На укрощение ездового ящера у меня ушло минут двадцать. Стуш — гадёныш отказался объяснять, как это лучше сделать, заявив, что с гусаком надо обращаться, как с лошадью: так же залезать в седло и так же ехать. Однако оказалось, что не так. Но в итоге, несколько раз упав, я всё же взгромоздился в седло. Надо отдать должное ящеру, он меня ни разу не укусил, не лягнул, хотя по его виду казалось, что он очень хочет это сделать.
Он даже и не брыкался особо — лишь издавал какие-то недовольные хрюкающие звуки и резко двигался вбок, когда я пытался засунуть ногу в стремя. Но всё же я его оседлал и сделал небольшой круг по двору. В управлении действительно всё было, как с лошадью, тут продавец не обманул. Мне даже показалось, что немного легче, а вот сидеть менее удобно — трясло капитально. И это мы лишь прошлись. Я с грустью представил, каково будет на полной скорости.
Когда я закончил, наступила очередь Ясны. Та подошла к своему гусаку, взяла его за поводья, погладила по шее и с первого раза вскочила в седло. Посмотрела на моё удивлённое лицо и расхохоталась. Обманула, значит, когда сказала, что никогда раньше не садилась на этого зверя. Выходит, и князья на гусаках умеют ездить. Видимо, на всякий случай обучаются. И скорее всего, настоящий Владимир умел, так как очень уж быстро я справился с задачей.
Не слезая с животного, я отсчитал продавцу двести сорок печатей и спросил:
— А кормить их чем?
— Как и лошадь, — ожидаемо ответил Стуш. — Травой, сеном, овсом. Яблоки ещё очень любят и брюкву. И главное — поить их надо часто и воды давать много. Пьют они больше, чем лошади. И темноты боятся. Как солнце зайдёт, можешь даже не пытаться их заставлять куда-то идти.
А вот это было неожиданно: я покупал ездовых ящеров, чтобы путешествовать ночью, а они, оказывается, темноты боятся. Интересный нюанс. И деньги уже уплачены. Впрочем, на гусаке можно и днём ехать. От конных дружинников в случае чего можно убежать. Да и у огневиков серьёзные бойцы тоже только на лошадях ездят. Так что почему бы и не попробовать ехать днём? Главное — на путевых станах не останавливаться.

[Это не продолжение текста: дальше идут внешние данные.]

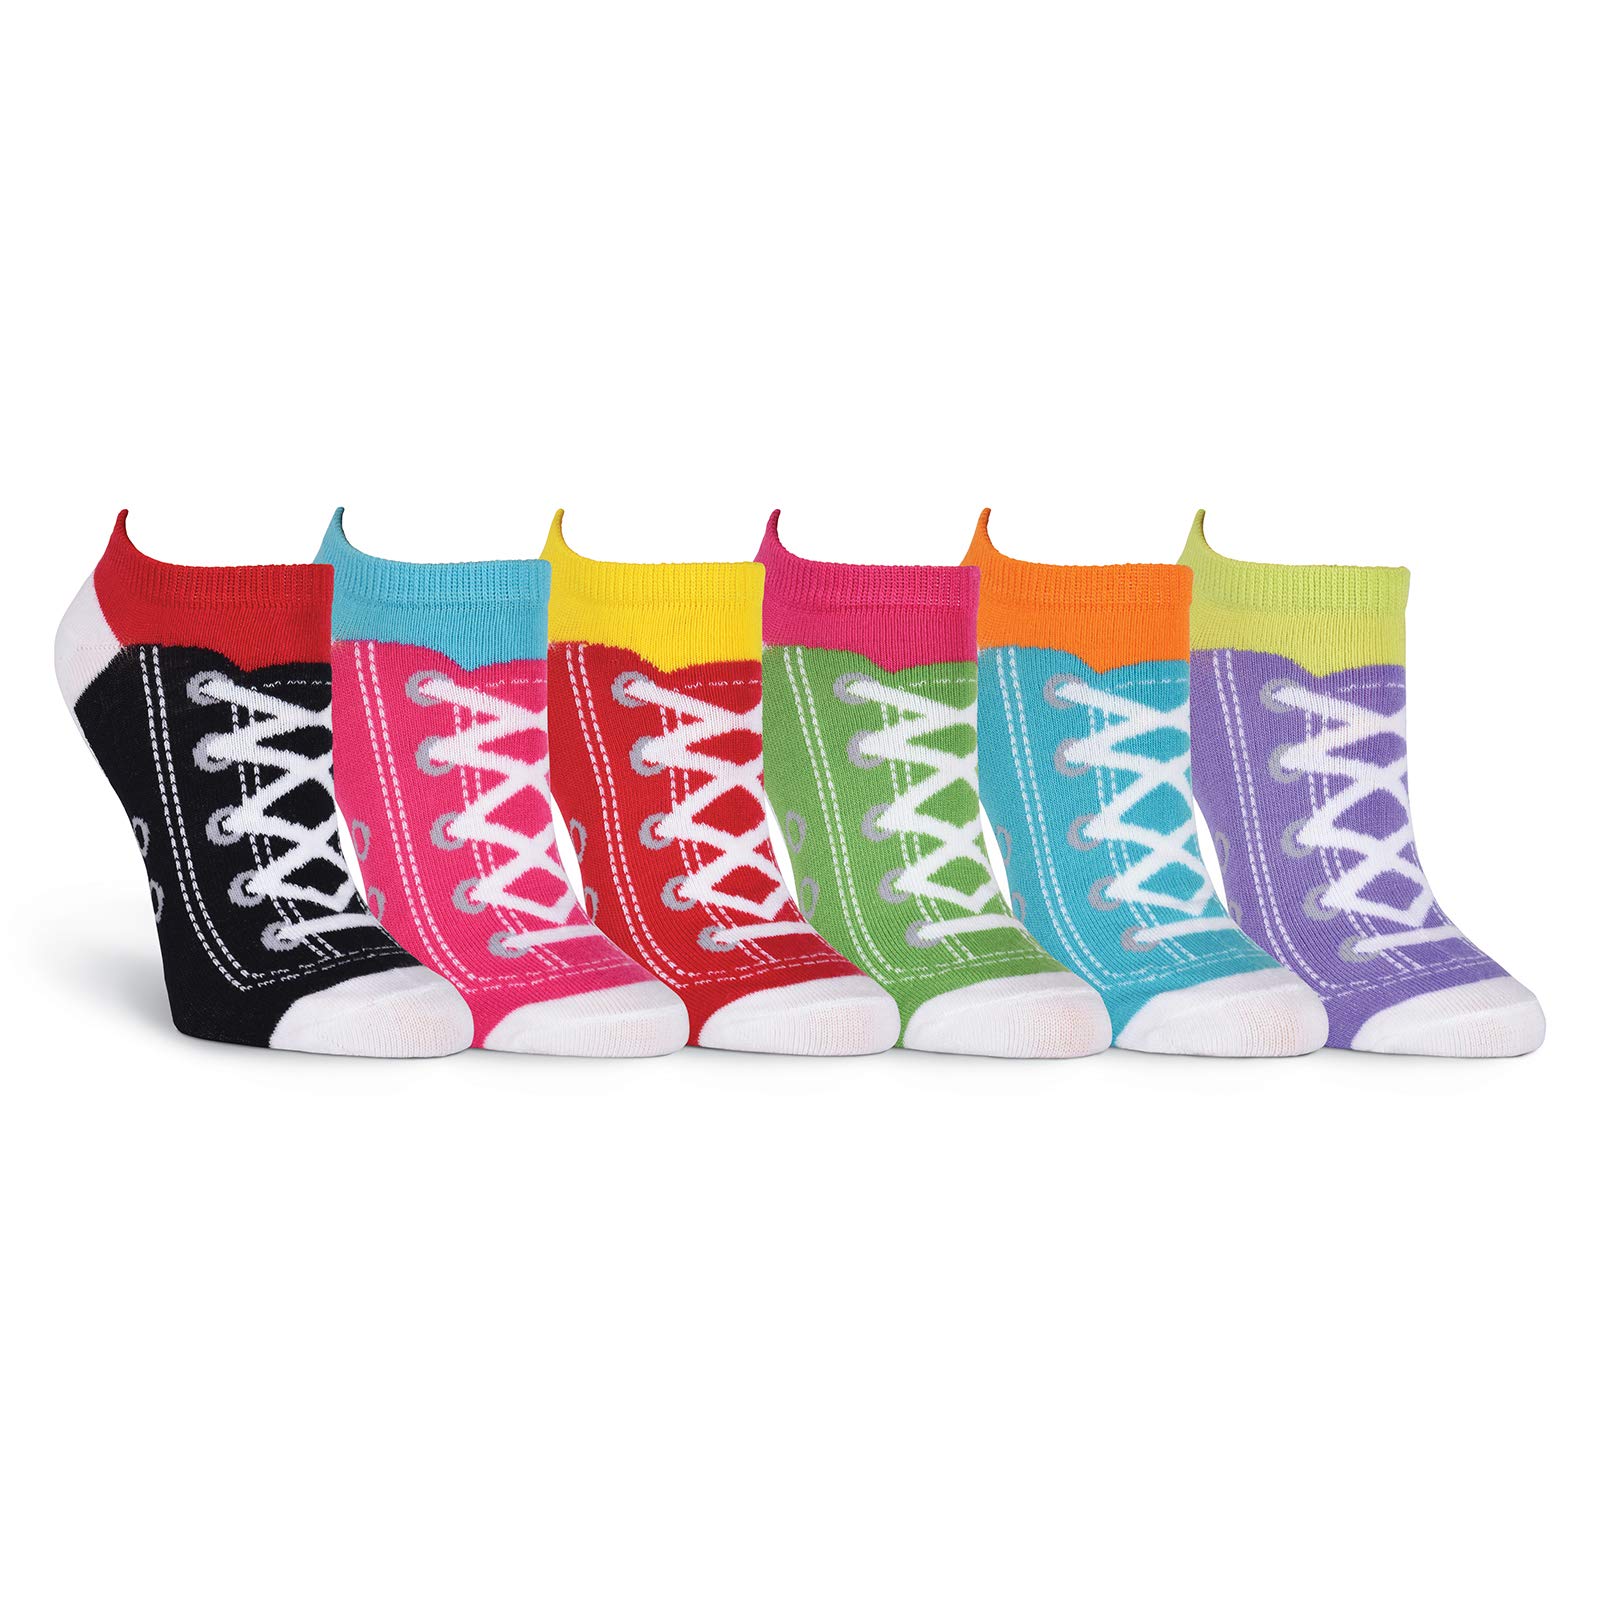 K. Bell Socks womens 6 Pair Pack Fun Pop Culture Funny Novelty Low Cut No Show Socks

— И не забывайте всегда хорошо привязывать! — напомнил Стуш. — А если убегут, то возвращайтесь за ними сюда.
— Ты новых выдашь? — с усмешкой спросил я.

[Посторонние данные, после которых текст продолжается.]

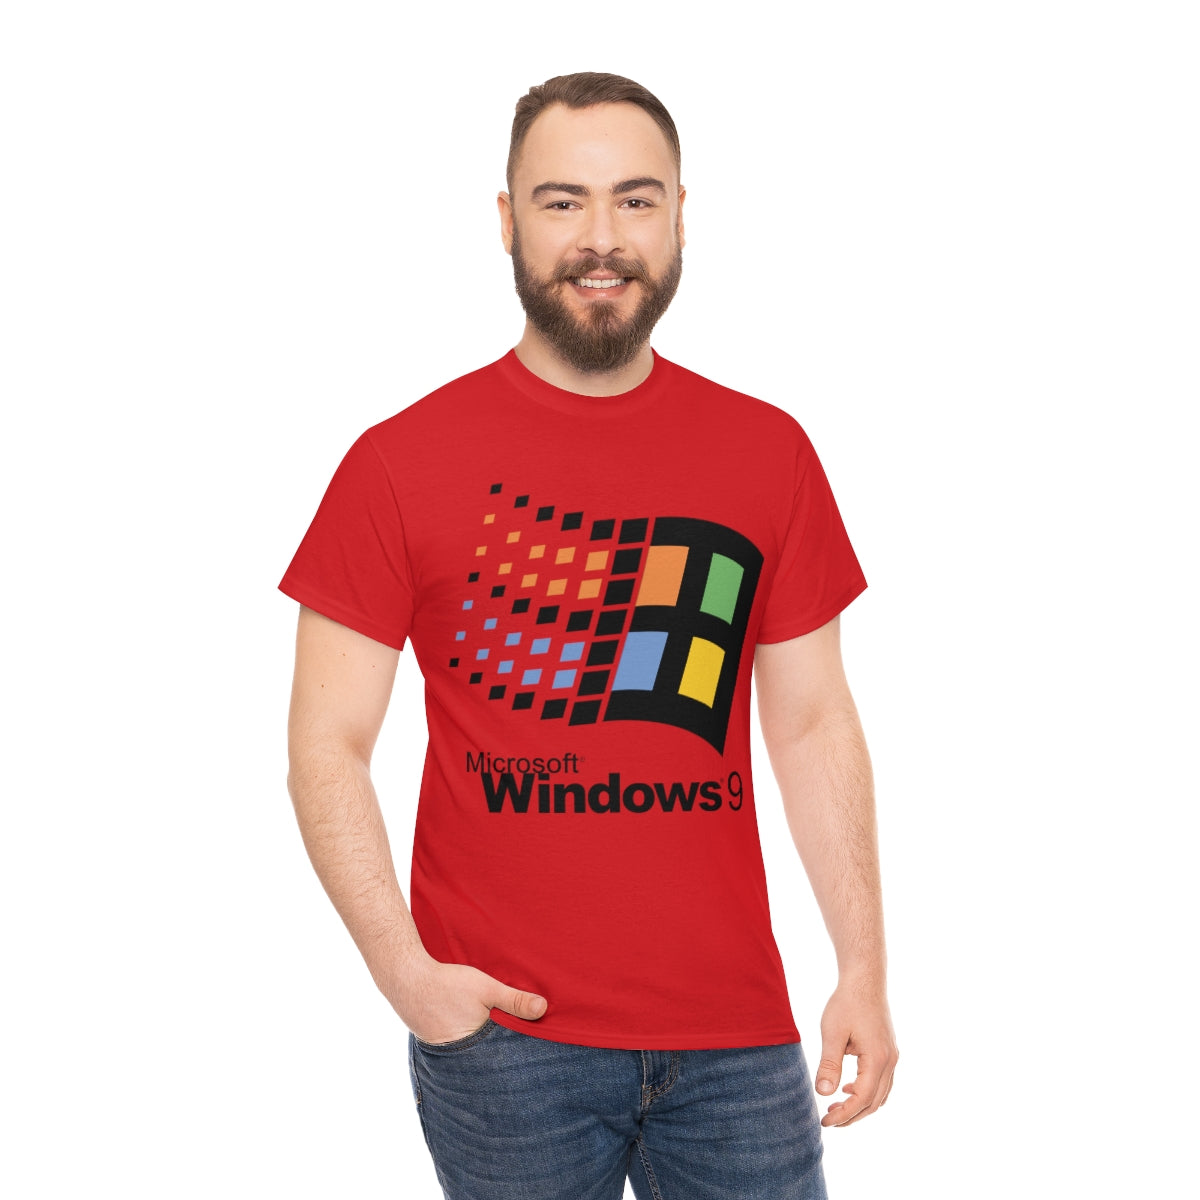 Windows 9 Shirt

— Зачем новых? — удивился продавец. — Этих. Гусак всегда домой возвращается, ему здесь хорошо и не страшно. Если его хищники не задерут по пути, то он сюда вернётся.

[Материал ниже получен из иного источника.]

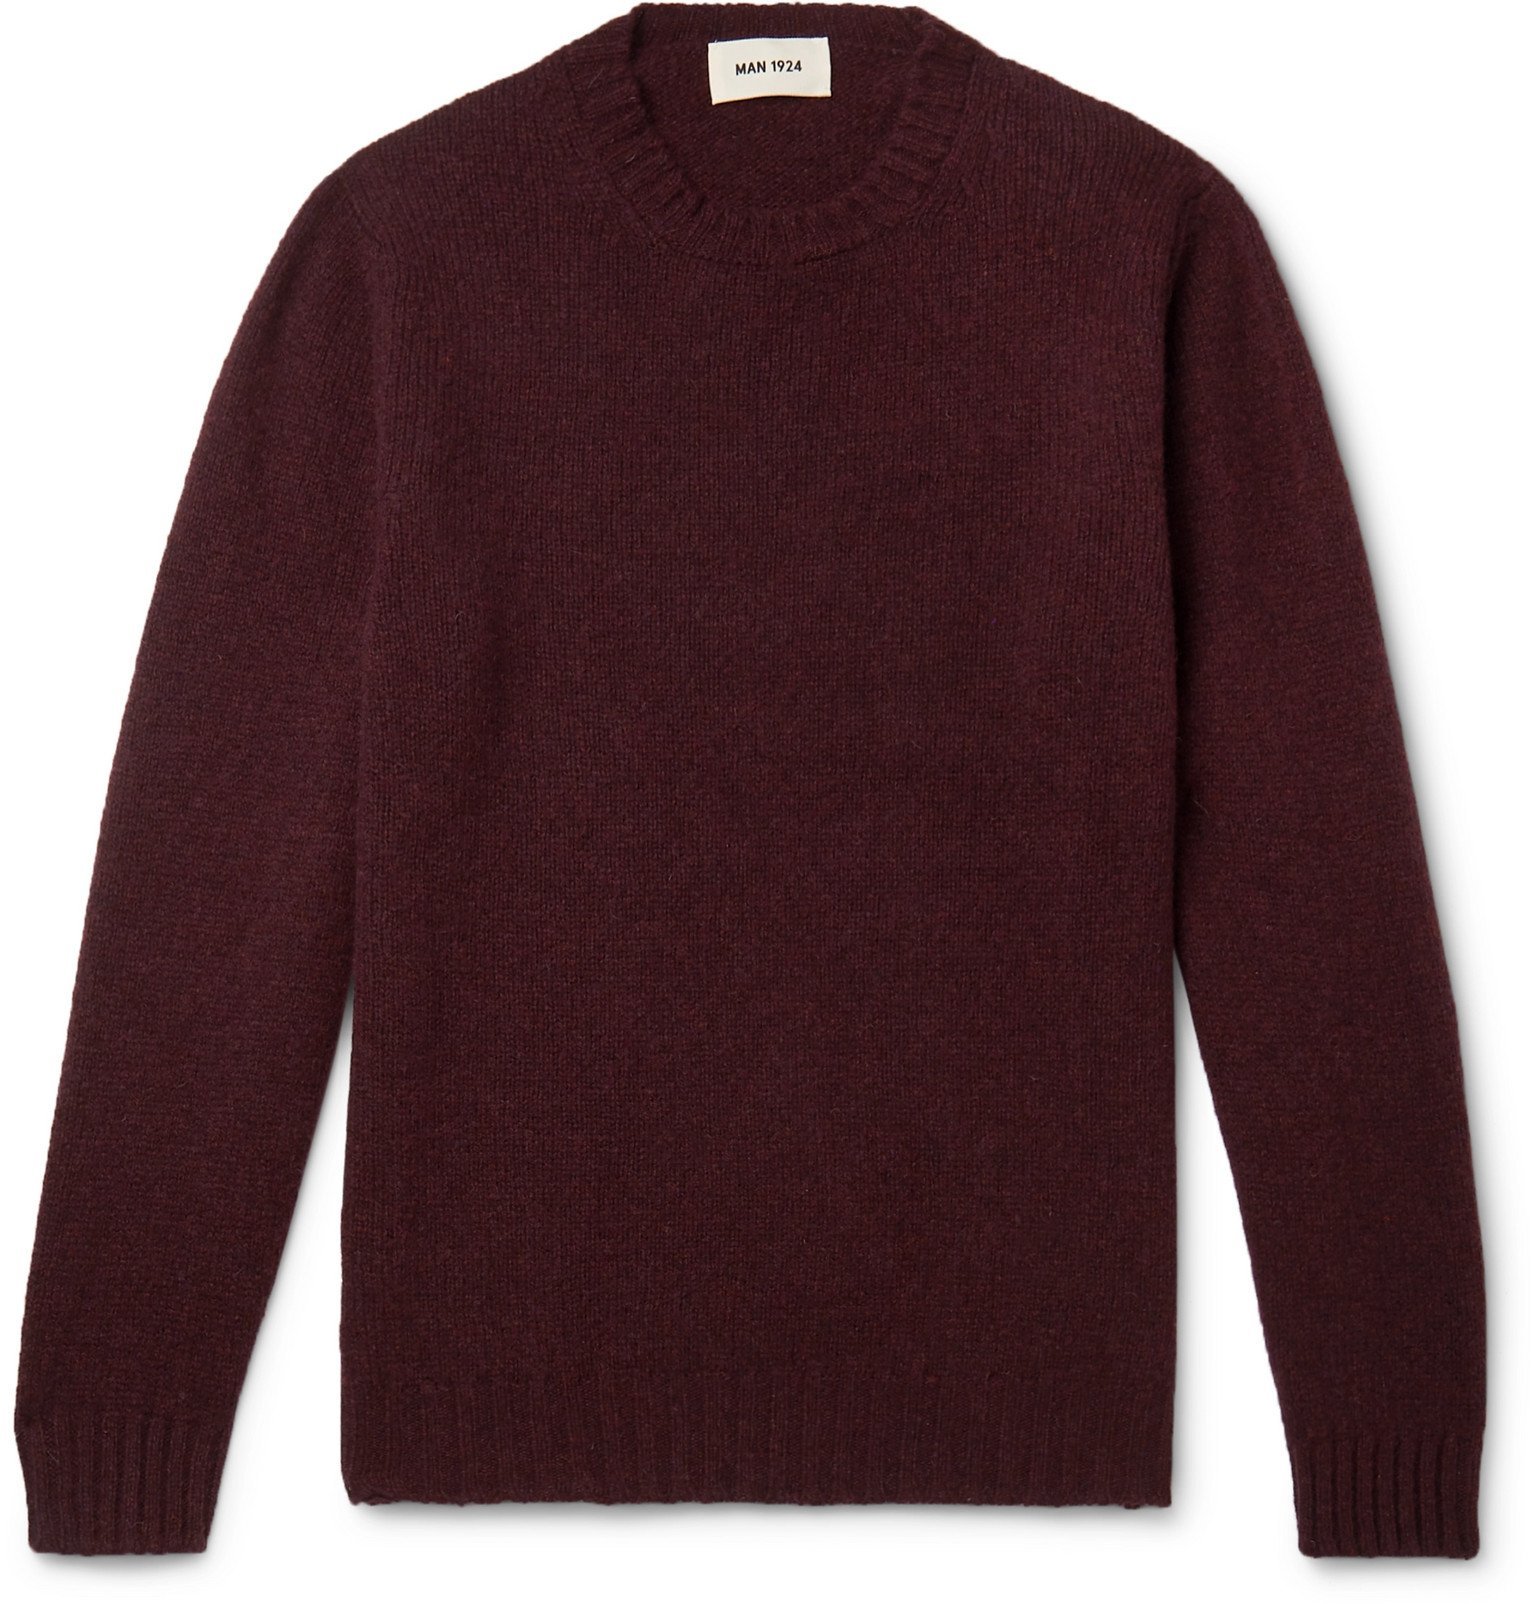 MAN 1924 - Shetland Wool Sweater - Burgundy MAN 1924

А ведь хорошо устроено. Если гусак пугливый и не обученный, он рано или поздно всё равно убежит и вернётся к продавцу. А тот скажет, что не возвращался. Поди проверь? Они, в отличие от лошадей, все одинаковые. Самца от самки, конечно, отличить просто, но вот те же самцы между собой разве что размерами отличаются, и самую малость — цветом. Доказать, что это твой вернулся, будет непросто. Хороший бизнес: животное — бумеранг.
До дома Будуты мы доехали без приключений. Ему и Вупне наше приобретение решили не показывать. Мало ли, вдруг в процессе поисков огневики доберутся до пасеки? Зачем им знать, что мы теперь путешествуем с ветерком? Поэтому последнюю версту я преодолел пешком, прихватив вещи, купленные для Добрана, а Ясна с гусаками осталась ждать меня в небольшой роще у дороги.
— Брату твоему лучше, — первым делом сказала Вупна, увидев меня, входящего во двор. — Проснулся, похлёбки поел. Отваром его пою каждые полчаса. Но вставать не разрешаю. Это кажется, что силы вернулись, но лучше пару дней полежать.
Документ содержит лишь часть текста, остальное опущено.